Give the listing again word for word. Skip the pictures.

SUPPLIED DATA:
↓↓↓
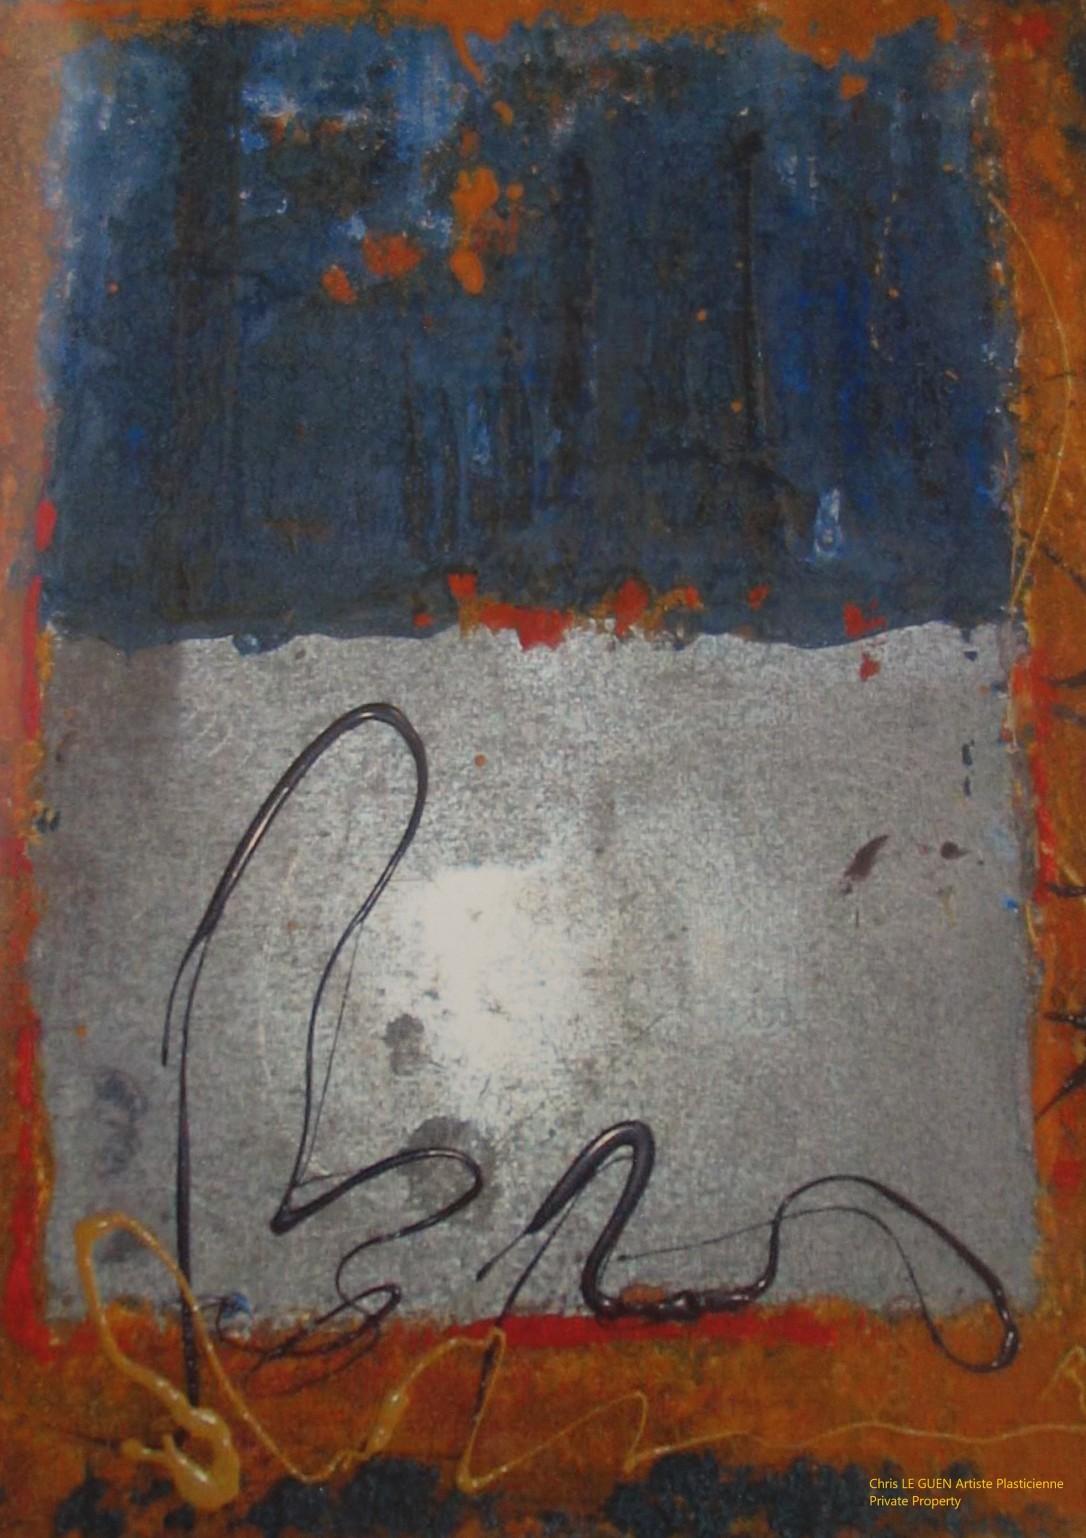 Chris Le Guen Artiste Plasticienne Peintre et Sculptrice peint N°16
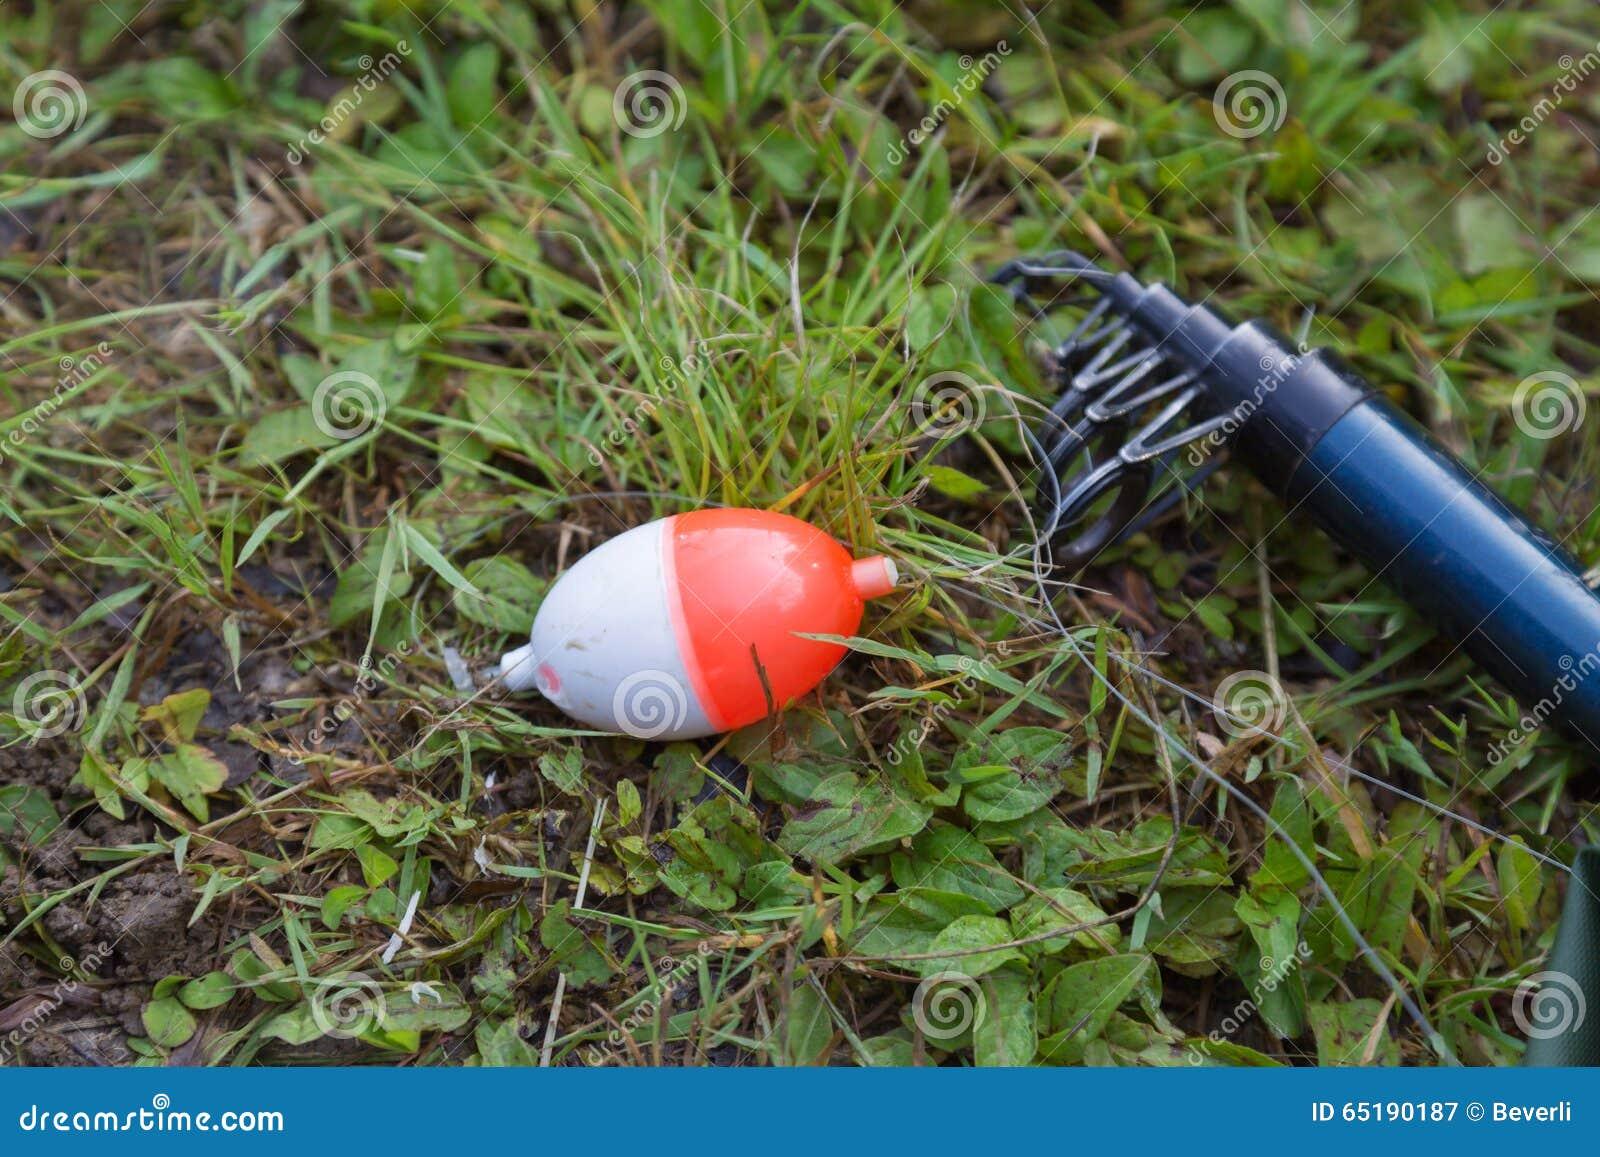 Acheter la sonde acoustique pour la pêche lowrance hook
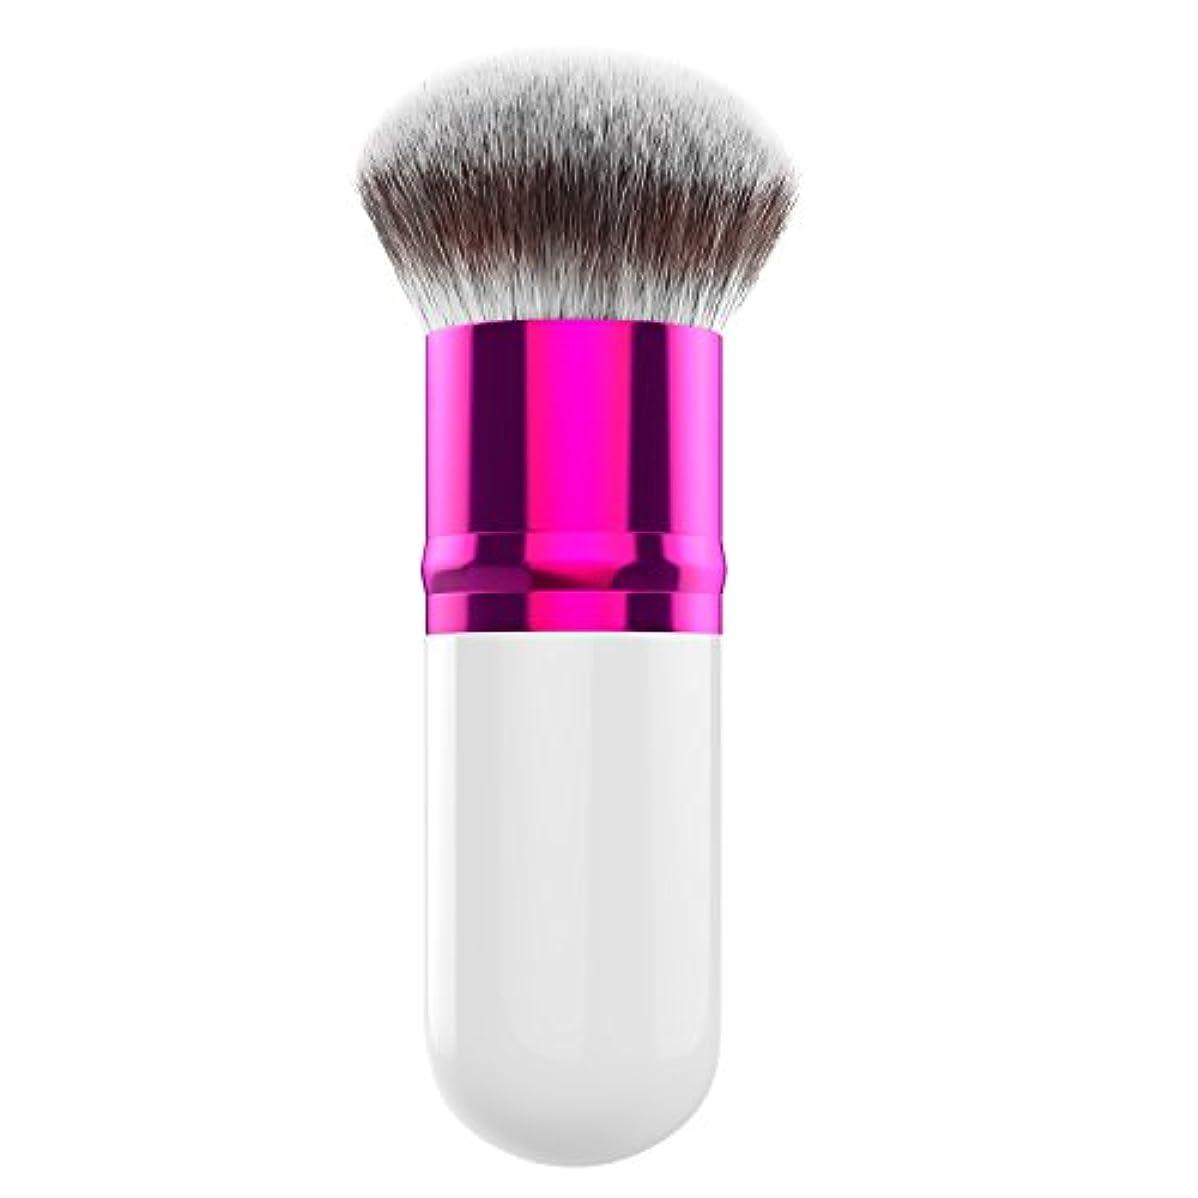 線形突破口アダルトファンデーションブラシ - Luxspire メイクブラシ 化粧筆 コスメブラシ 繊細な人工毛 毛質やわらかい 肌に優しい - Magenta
↑↑↑
REPLY:
 Chris Le Guen Artiste Plasticienne Peintre et Sculptrice peint N°16
 Acheter la sonde acoustique pour la pêche lowrance hook
 線形突破口アダルトファンデーションブラシ - Luxspire メイクブラシ 化粧筆 コスメブラシ 繊細な人工毛 毛質やわらかい 肌に優しい - Magenta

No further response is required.